■ Task to carry out:
Please repeat the data below exactly, with the pictures removed.

[Information provided — start]

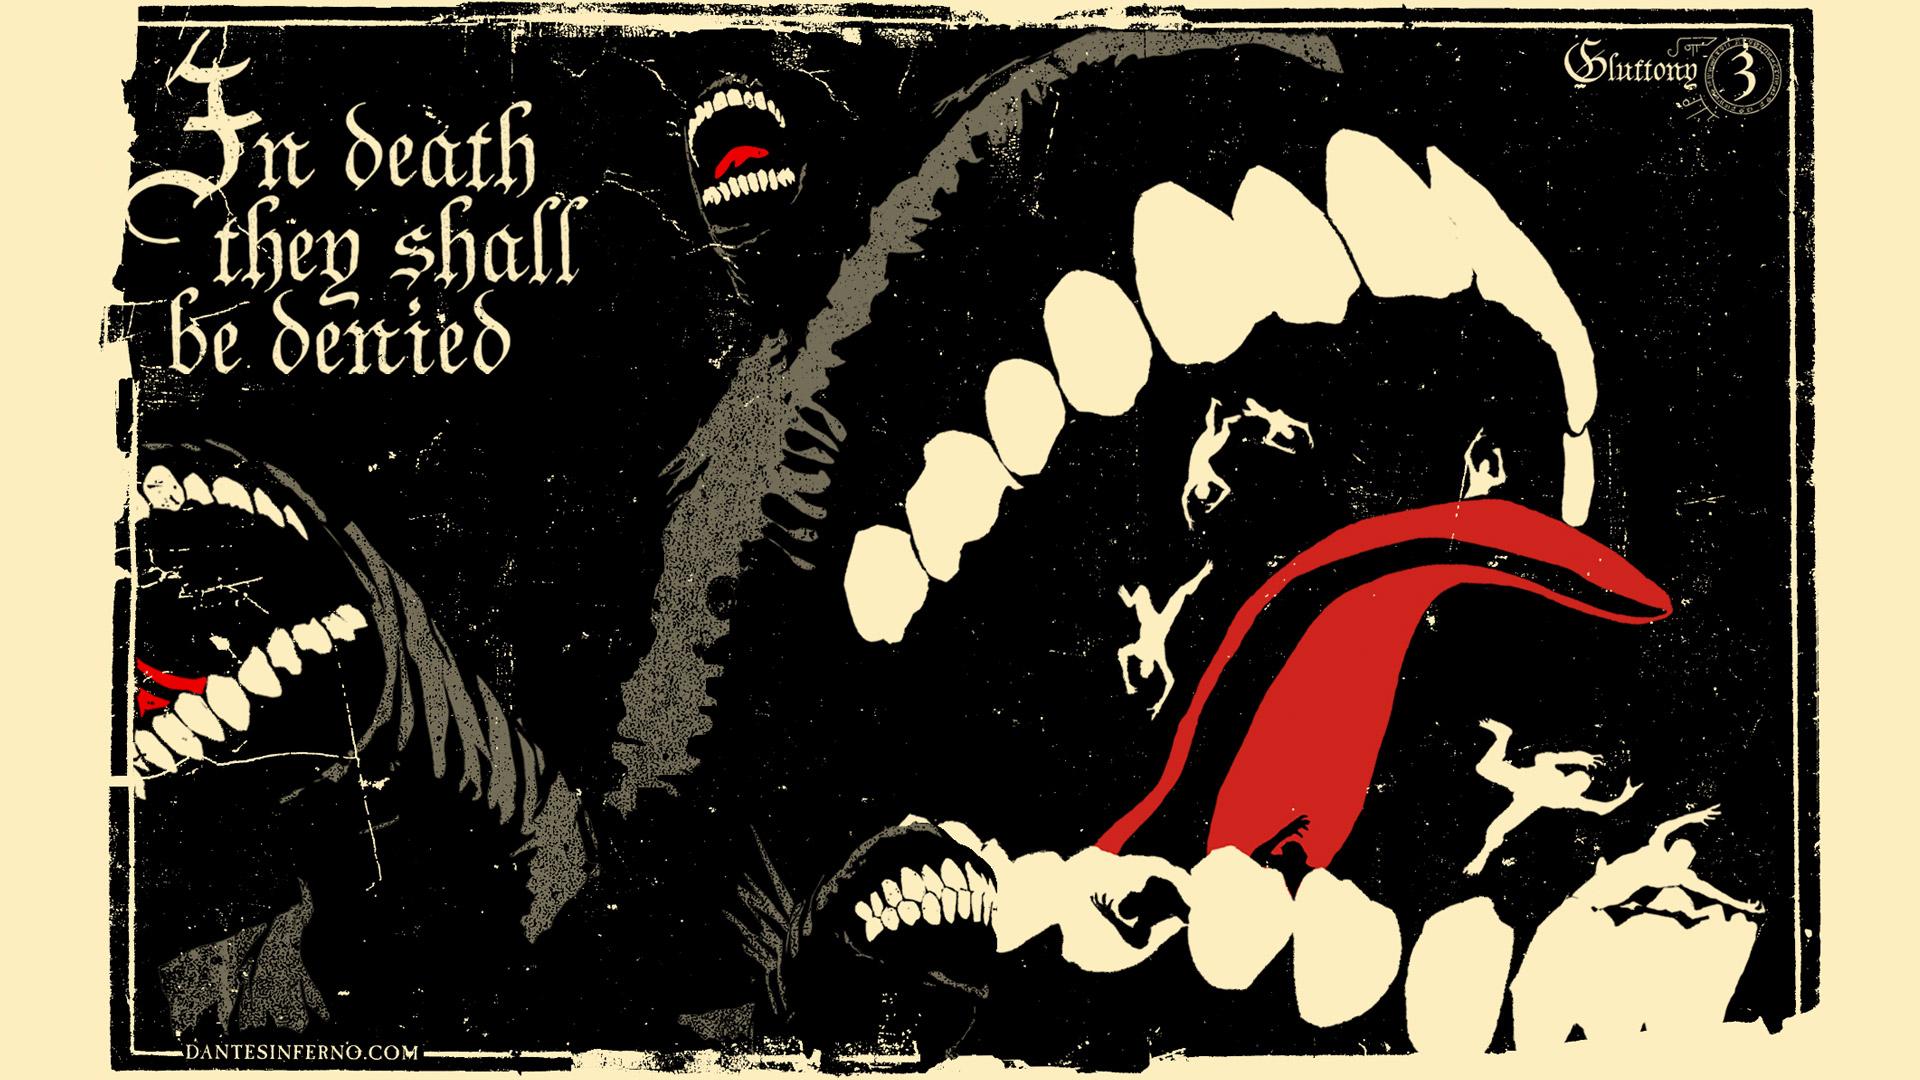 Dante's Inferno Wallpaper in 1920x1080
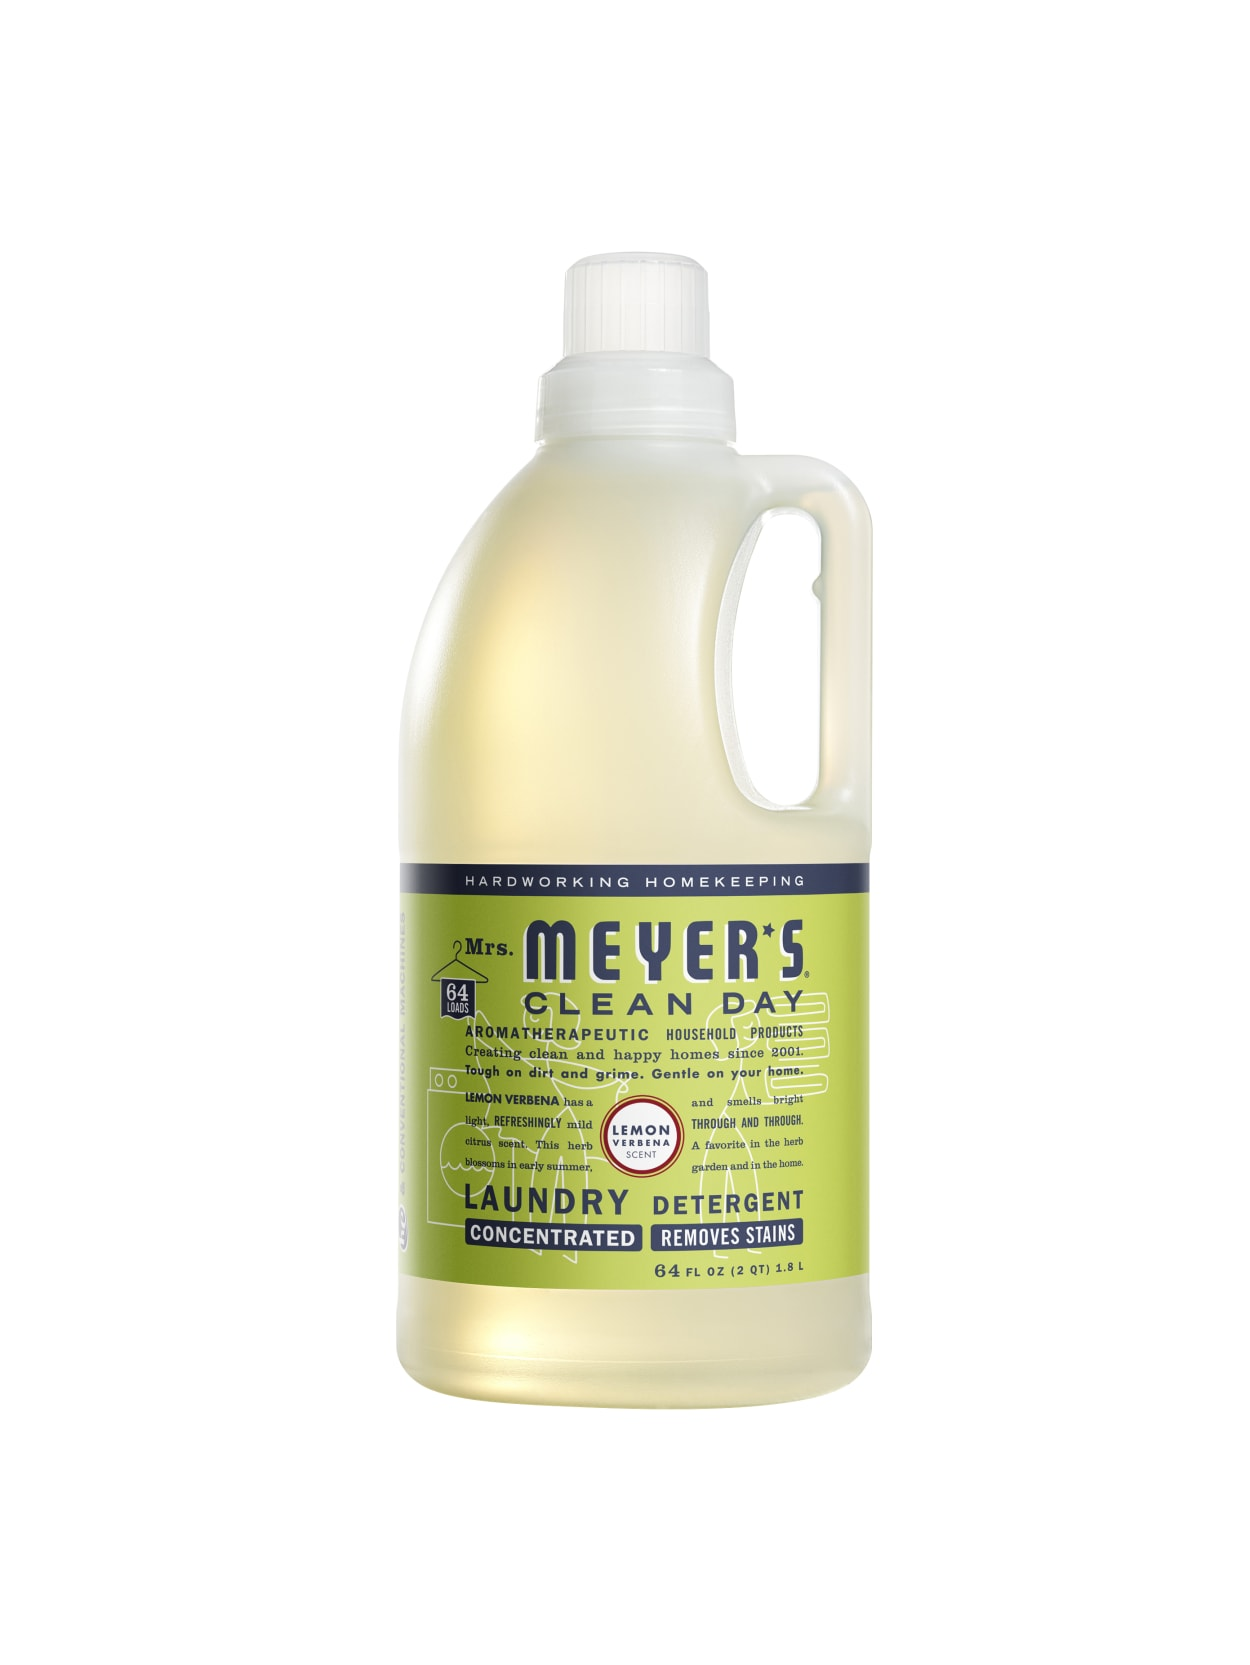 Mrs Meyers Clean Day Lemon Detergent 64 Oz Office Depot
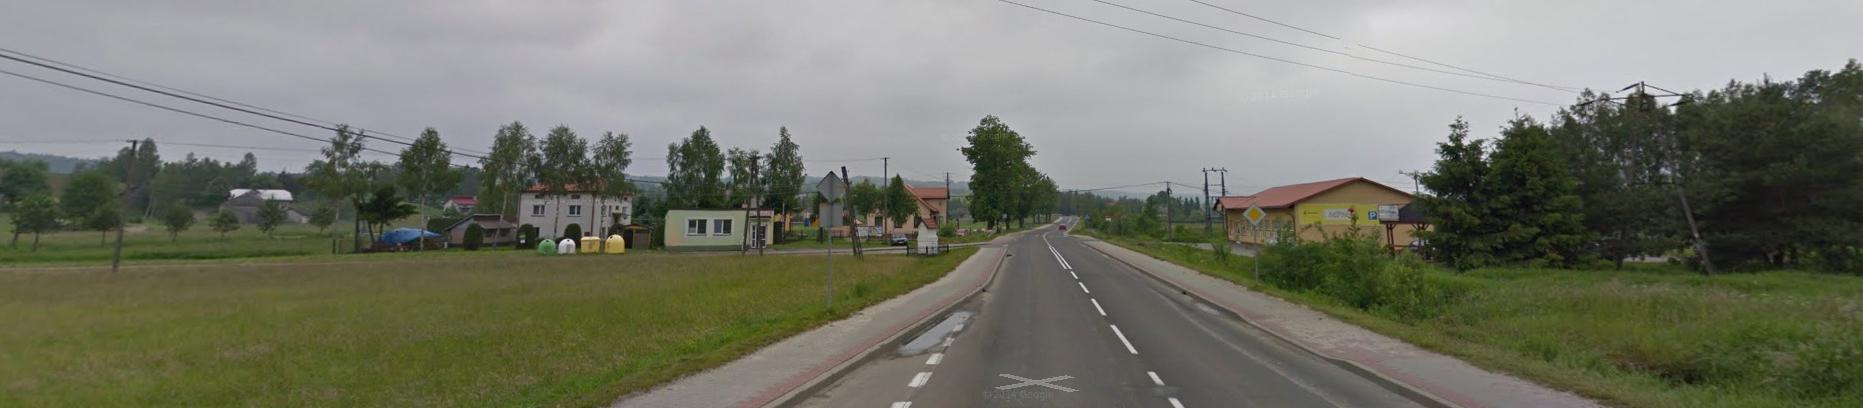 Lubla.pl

[Information provided — finish]

■ Worked solution:
 Dante's Inferno Wallpaper in 1920x1080
 Mrs Meyers Clean Day Lemon Detergent 64 Oz Office Depot
 Lubla.pl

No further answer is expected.